Bridget shook her head. "Not in a religious fashion, but our facility is wound into the structure of the Abbey. You'll see when we go below."

She lead Sienna round the back of the Abbey, past the inscription marking where the first king of all England, Edgar, was crowned in 973 AD. A statue of the risen Christ emerging from the grave, shroud bandages still around him, stood marking an entranceway with thick stone steps down to a tiny door.

"It doesn't look like much," Bridget said. "But wait until you get inside."

Sienna followed her down. At first, it seemed the stone steps must lead into some equally ancient crypt, but Bridget turned when they reached the bottom and faced the stone wall.

"You can walk on into the museum below the church, but the Ministry is this way."

She touched a groove in the wall, and the stone cracked open. The outline of a door emerged, and Bridget pushed against it. On the other side, there was a library, the walls lined with books of maps and easy chairs placed next to low tables for reading. Sienna didn't recognize many of the names on the spines and part of her longed to stay here and escape into the tomes. But Bridget marched straight through, entering a code on a door on the other side and leading her on.

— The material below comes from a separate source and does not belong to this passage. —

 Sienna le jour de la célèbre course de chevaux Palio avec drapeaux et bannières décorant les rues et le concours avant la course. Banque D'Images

They emerged into a long hallway with doors leading off it, each labeled with a different title. Antiquities, Restoration, Misinformation, Illustration. They passed one door stained a deep red with the words Blood Gallery etched into the wood.

Sienna took a step towards it, but Bridget held her arm. "That's not for you just yet. There will be time to learn it all if you choose, but first, you must meet the Illuminated Cartographer. This way."

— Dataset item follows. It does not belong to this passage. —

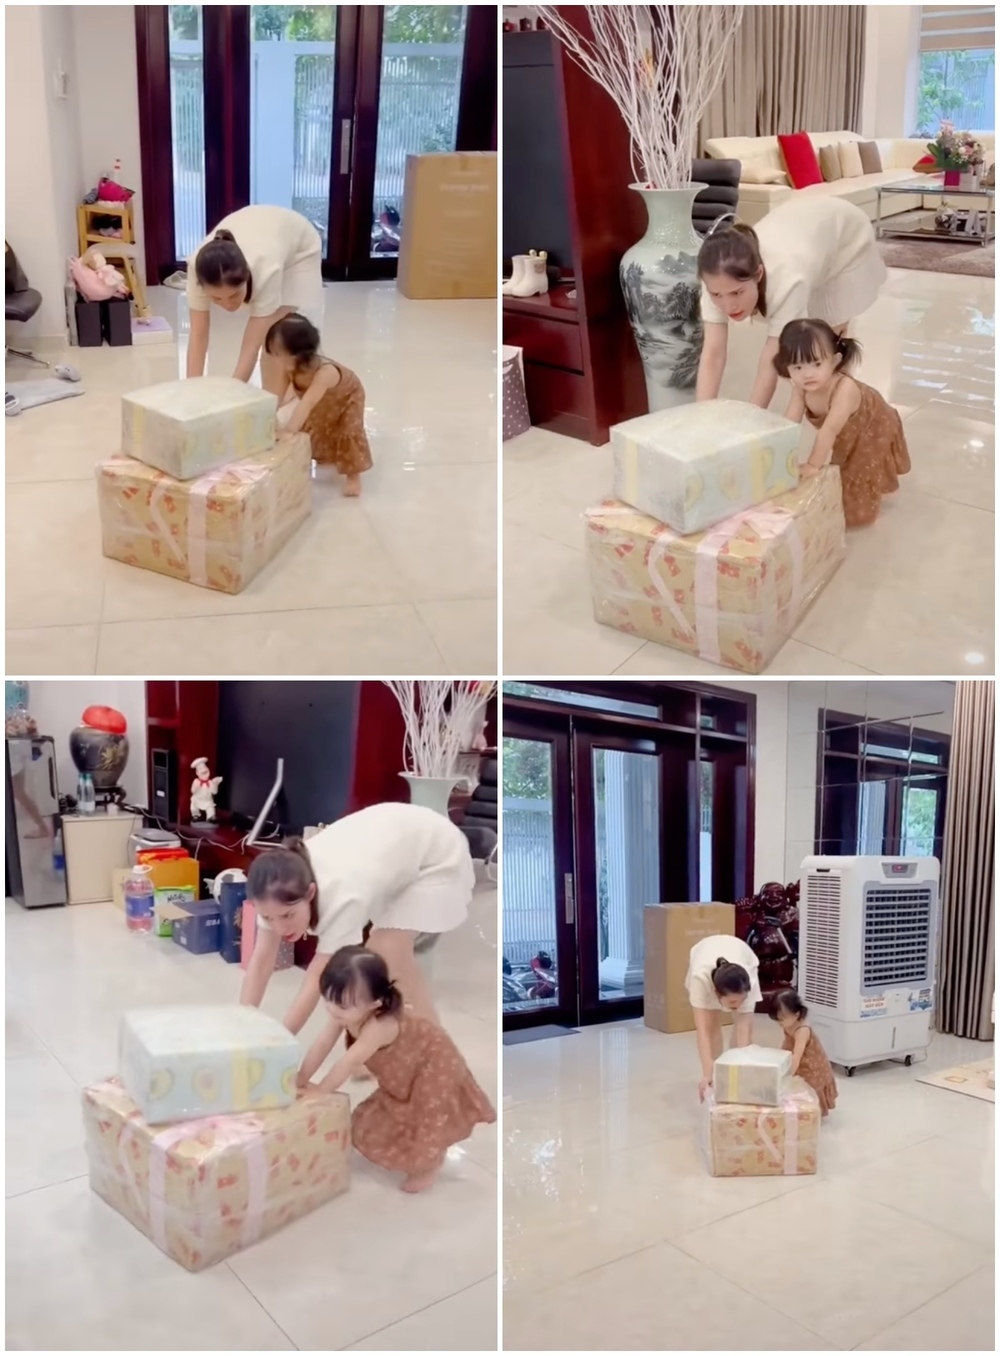  
Bé Winnie nhanh nhẹn, phụ giúp Đông Nhi đẩy những hộp quà to vào nhà một cách hứng thú. (Ảnh: FB Đông Nhi)

The corridor walls were full of photographs, exuberant faces of explorers around the world. As they walked by, Sienna scanned them for a glimpse of her family. She stopped in front of one where her grandfather stood in front of the temple he had sketched in his journal. "Is it really Babylon?" she asked.

Bridget turned and came back to look. "Yes, I know it's hard to understand. But there are places that have been lost Earth-side, but remain in the Borderlands. Some of us cross those borders through special maps. We are Mapwalkers, Sienna. Mila and me. Your grandfather. Your father."

Sienna turned at her words. "Is there a picture of him?"

Bridget nodded and walked along a little, searching amongst the faces. "Here."

Sienna looked up at the picture. Her dad stood with four others, two men and two women. His face was broad with a smile, his titian hair shining in the sun, his beard longer than she'd ever seen it. He wore khaki shorts and held a bulging backpack. Behind the group, what looked like a South American city stretched into green jungle. Sienna touched his face with a fingertip.

"I don't even have a grave to visit."

Bridget looked surprised. "Of course not. Your father isn't dead."